Example 4 Protective effect in nimustine-induced myelosuppression model: Example 1
The interferon obtained in 1. was dissolved in 0.1% allogeneic rat serum-containing physiological saline, and SD rats (male, 7 weeks old) were subcutaneously treated with Alza pump (Alza) at a dose of 1 million units / day for 7 days. It was used for continuous administration. Next, in order to induce myelosuppression, nimustine (Sankyo) was added on the 5th day of the experiment.
It was administered once at a dose of 25 mg / kg intravenously. In the control group
A physiological saline containing 0.1% allogeneic rat serum was administered. For measurement, under ether anesthesia, 250 ul of whole blood was collected from the inferior vein and 10 ul of 15% EDTA ・ 2K was added as an anticoagulant.
The white blood cell count and platelet count were measured with an automatic blood cell counter Sysmex (Toa Medical Electronics).
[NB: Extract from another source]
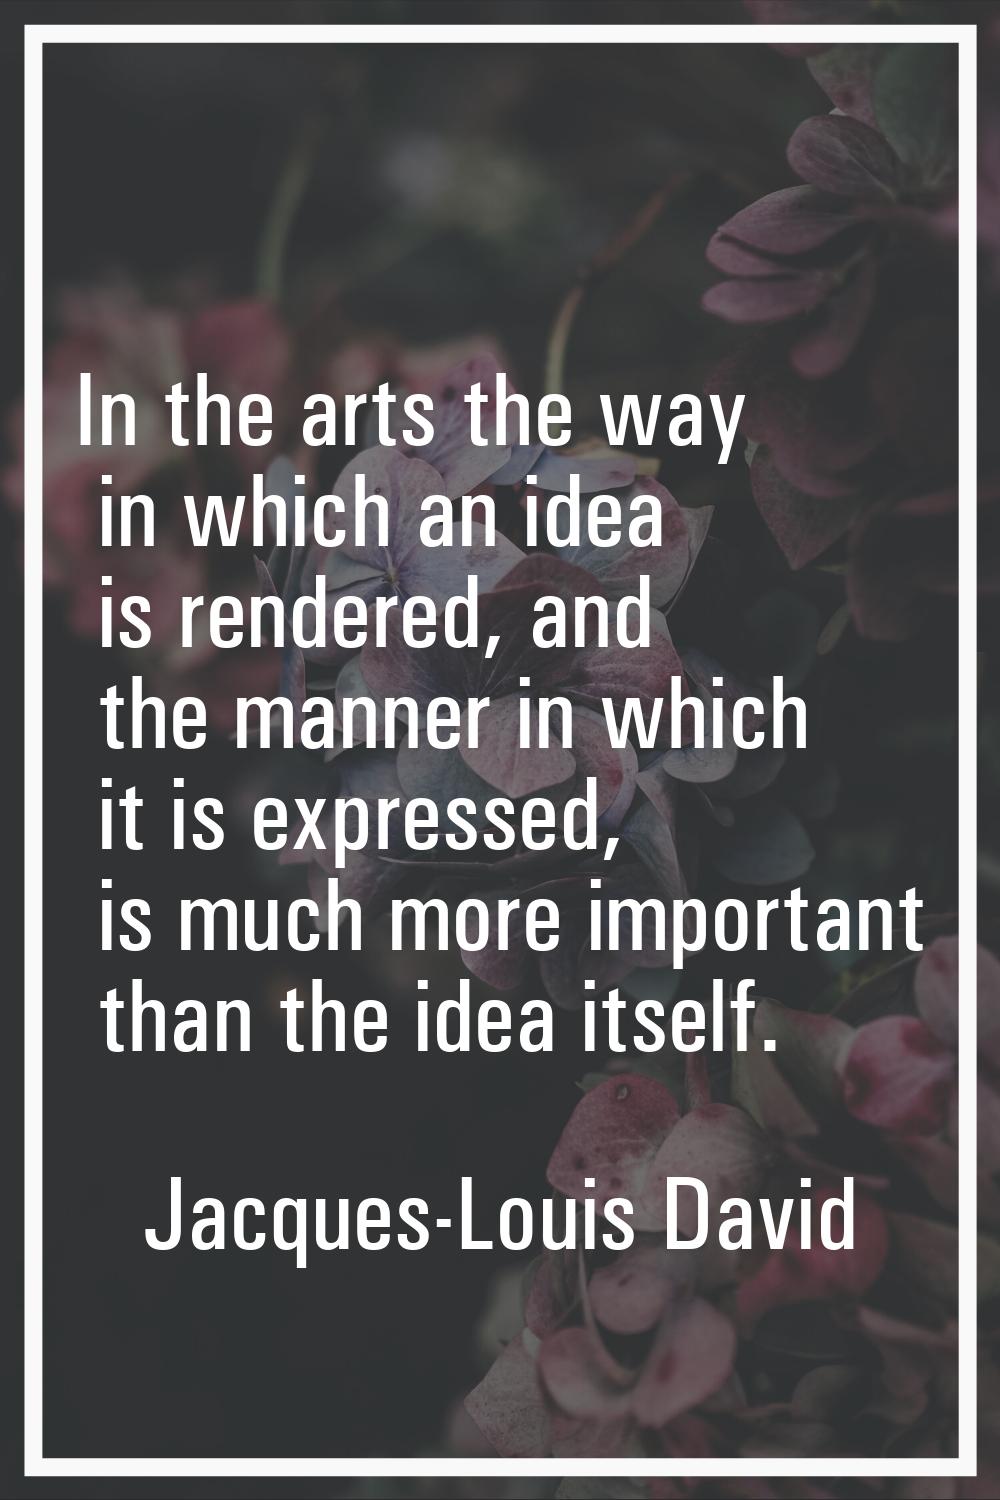 In the arts the way in which an idea is rendered, and the manner in which it is expressed, is much

The results are shown in Tables 5 and 6. As is clear from the table, in the group using interferon, the decrease in white blood cell count and platelet count could be suppressed after 5 days from the start of administration.

[0030]

[Table 5]

[Table 6]

[0031]

INDUSTRIAL APPLICABILITY The present invention protects myelosuppression by chemotherapy and radiotherapy and is useful as a protective agent or therapeutic agent for leukopenia and thrombocytopenia.

 ─────────────────────────────────────────────────── ─── Continuation of the front page (72) Inventor Wataru Takada 1111 Tehiro, Kamakura-shi, Kanagawa Toray Co., Ltd. Basic Research Laboratory (72) Inventor Kyoko Kasama 1111 Tehiro, Kamakura-shi, Kanagawa Toray Research Institute, Toray Co., Ltd.

Claims (1)

[Claims] 1. A myelosuppressive protective agent containing interferon as an active ingredient.